● DATASET SECTION
BEGIN

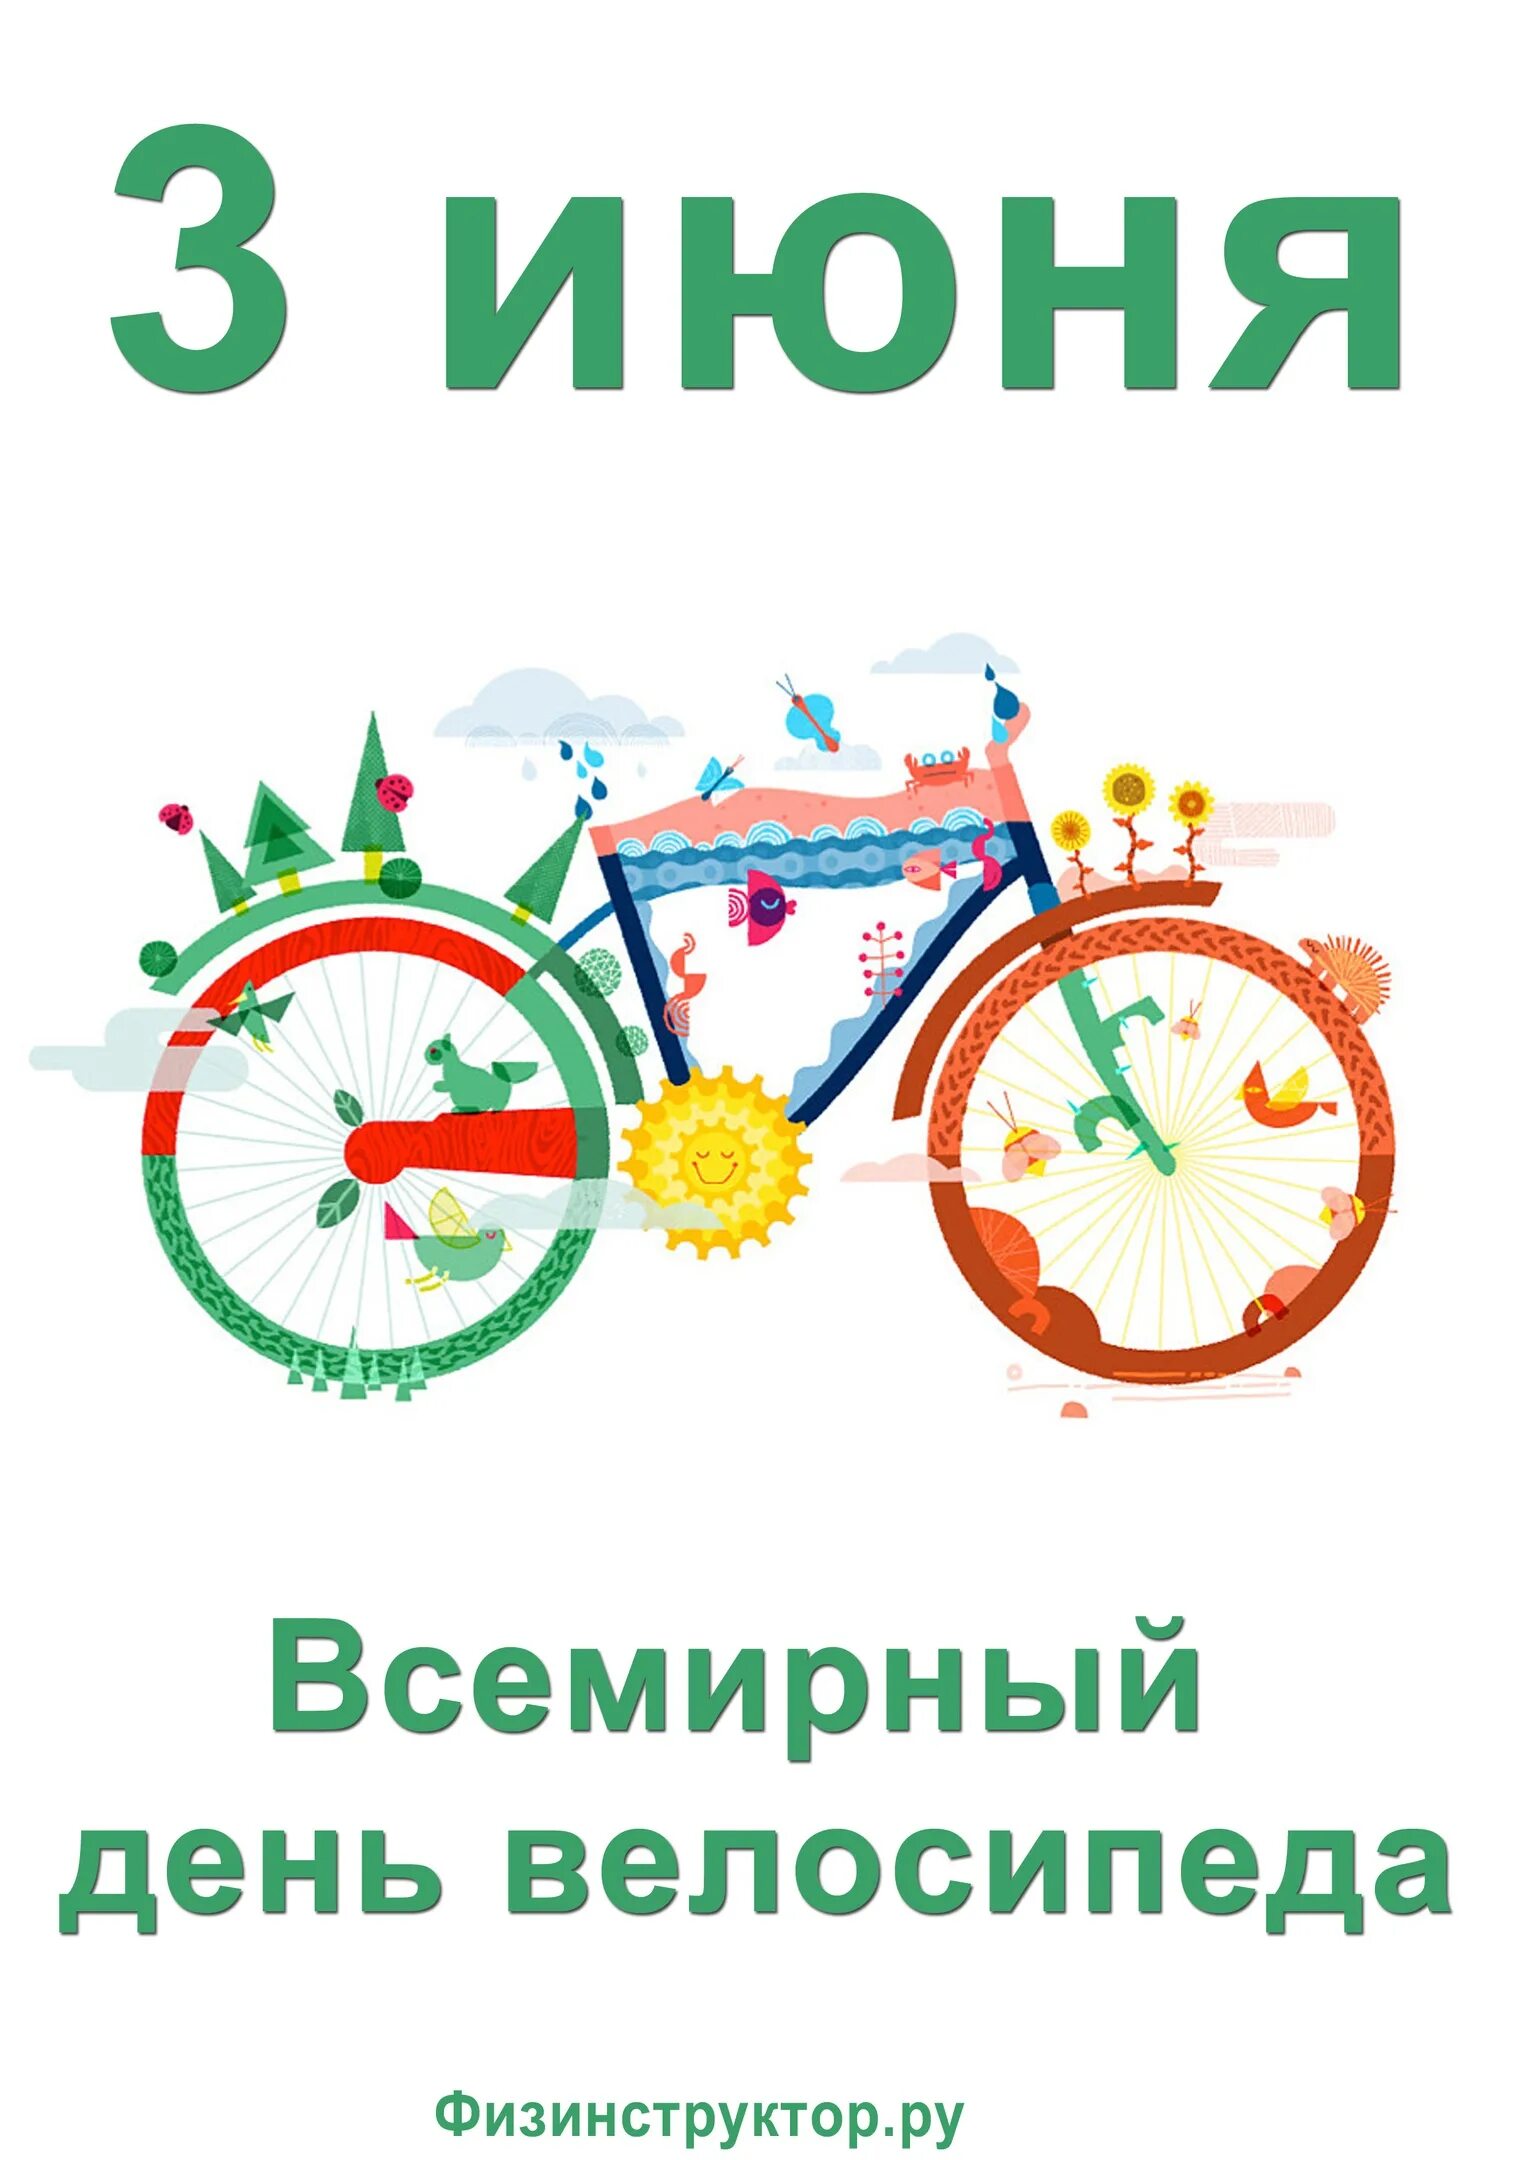 3 Июня праздник Всемирный день велосипеда. 3 Июня день велосипеда. 03 Июня - Всемирный день велосипеда. Всемирный день велосипеда поздравления.
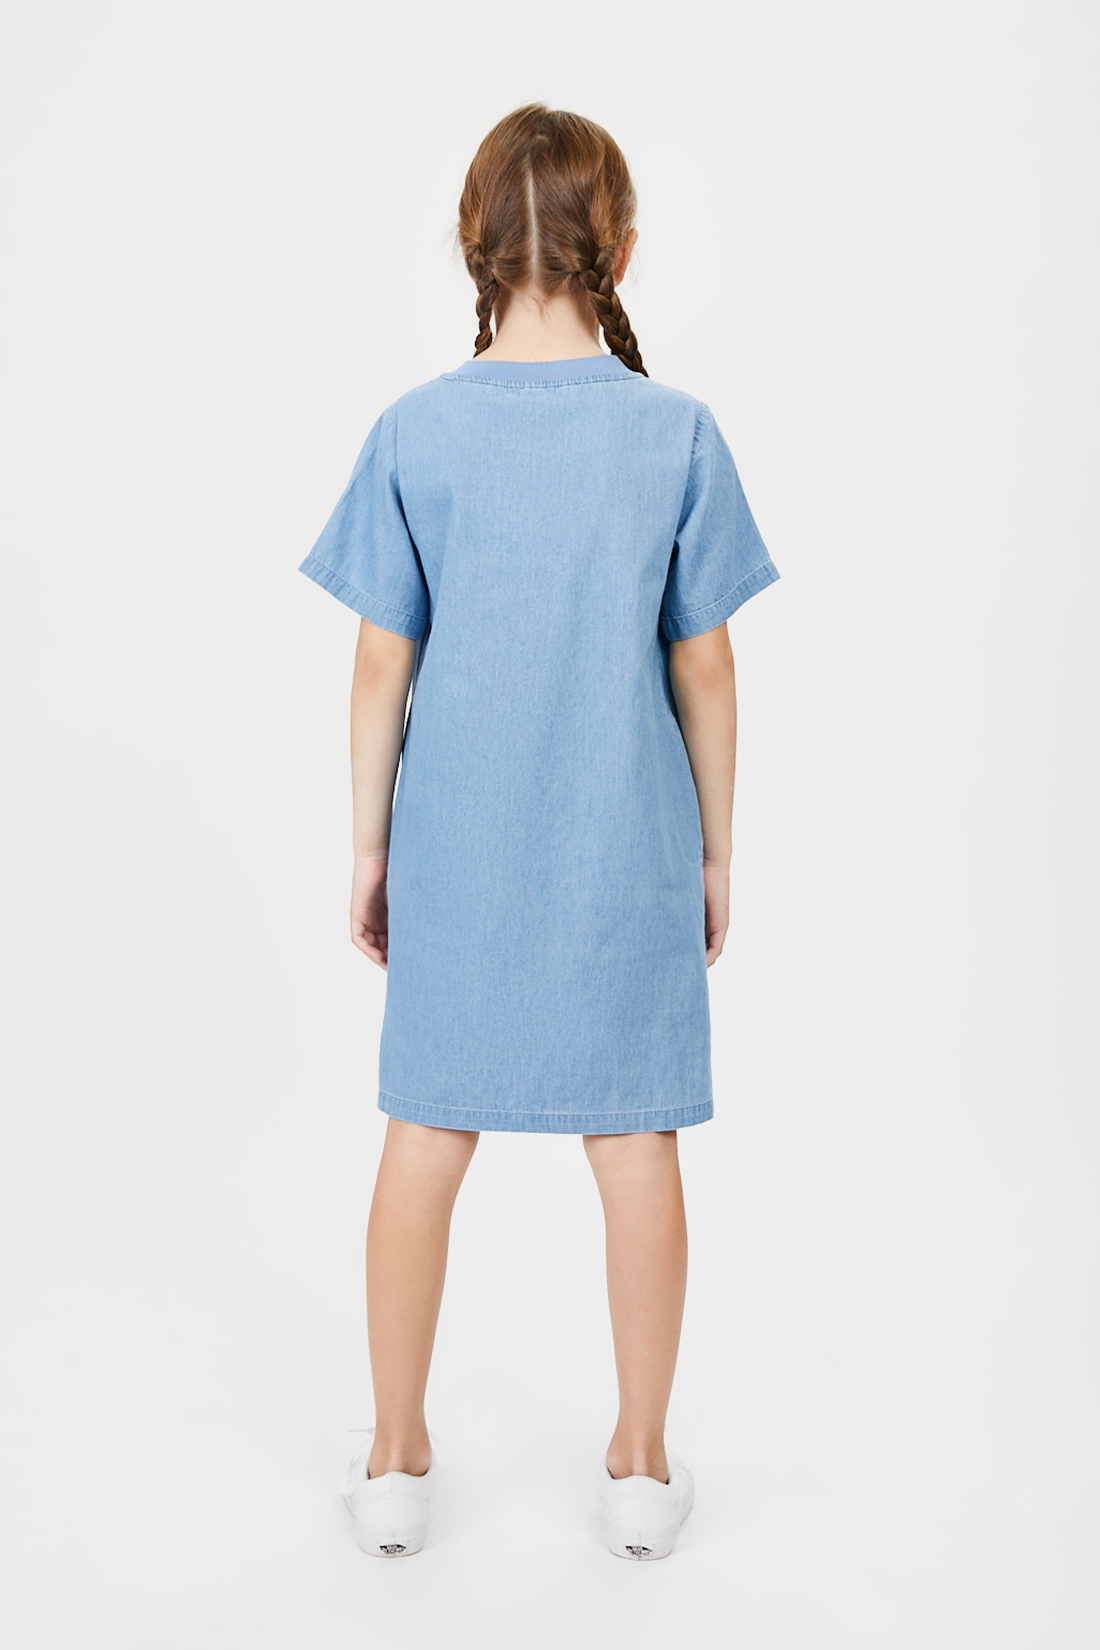 Платье (арт. baon BK451002), размер 146, цвет blue denim#голубой Платье (арт. baon BK451002) - фото 2
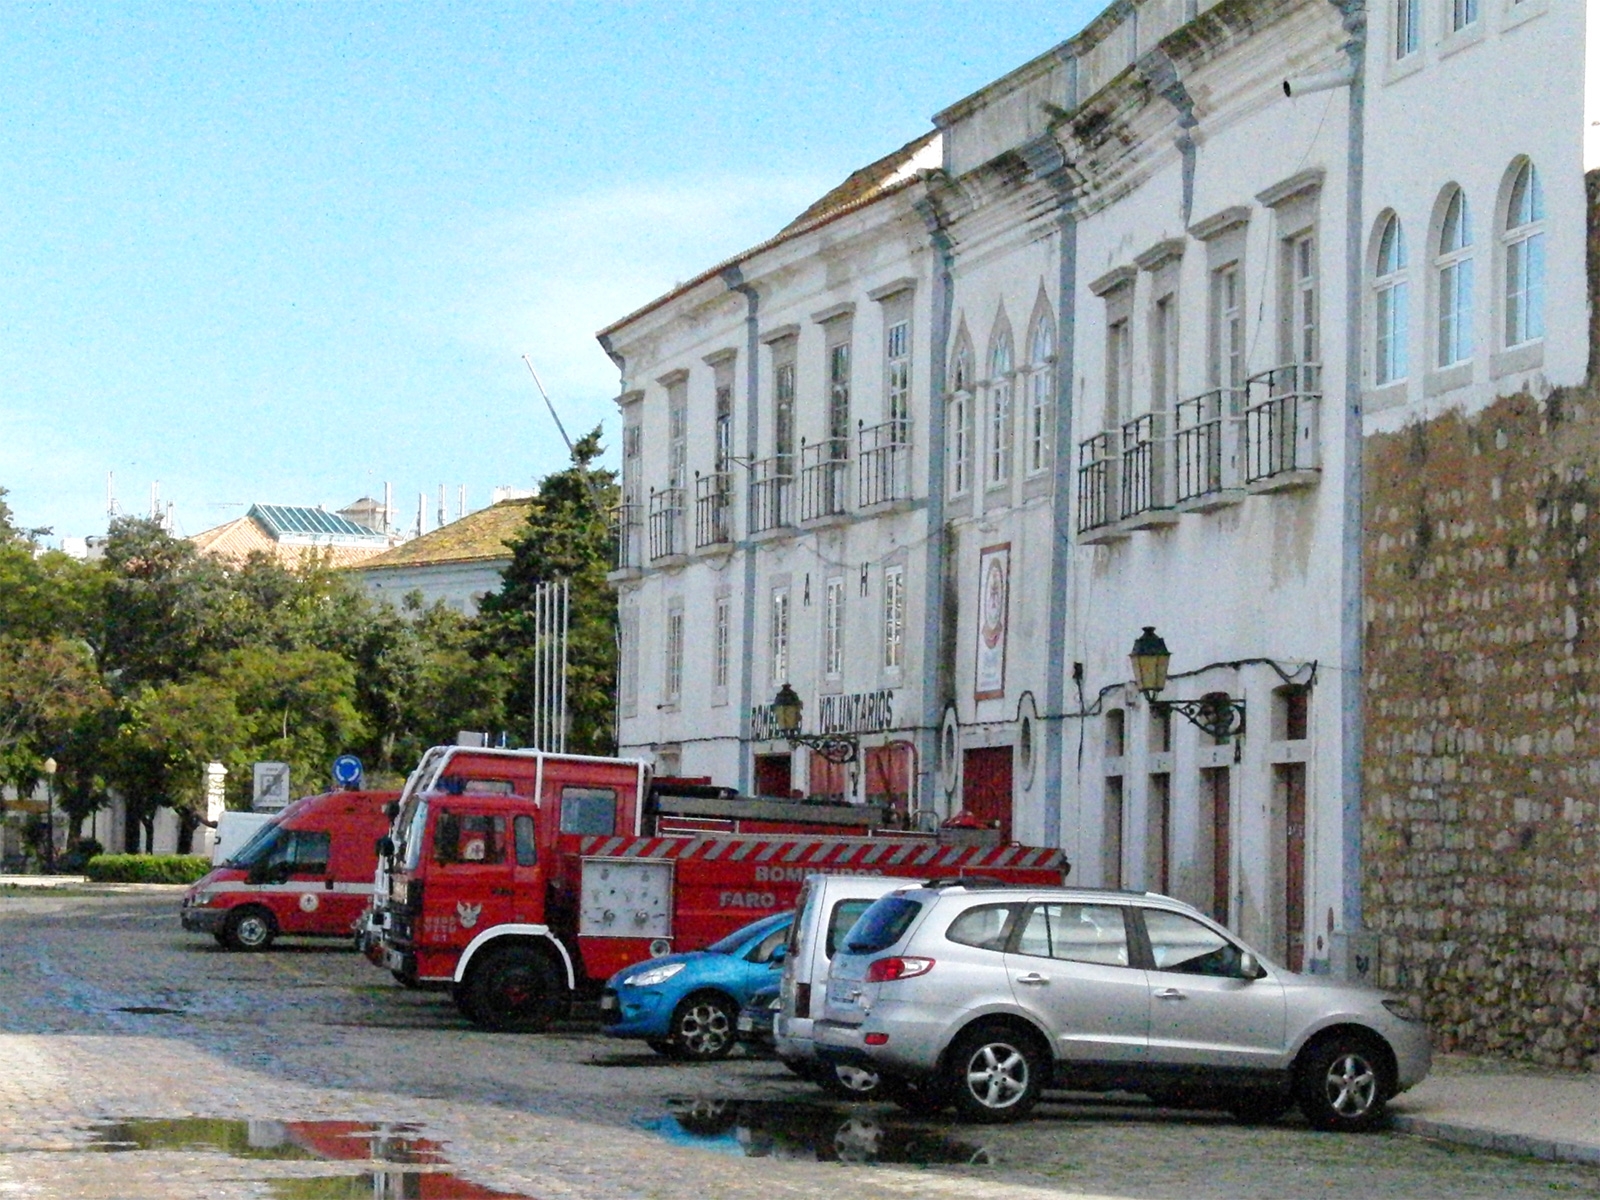 Fire brigade in Faro

END

● WHAT YOU ARE ASKED TO DO
Extract the lines beginning with the one that contains "Платье (арт. baon BK451002), размер" and ending with the last line of the listing. Keep them exact and drop the pictures.

● REPLY TO THE TASK
 Платье (арт. baon BK451002), размер 146, цвет blue denim#голубой Платье (арт. baon BK451002) - фото 2
 Fire brigade in Faro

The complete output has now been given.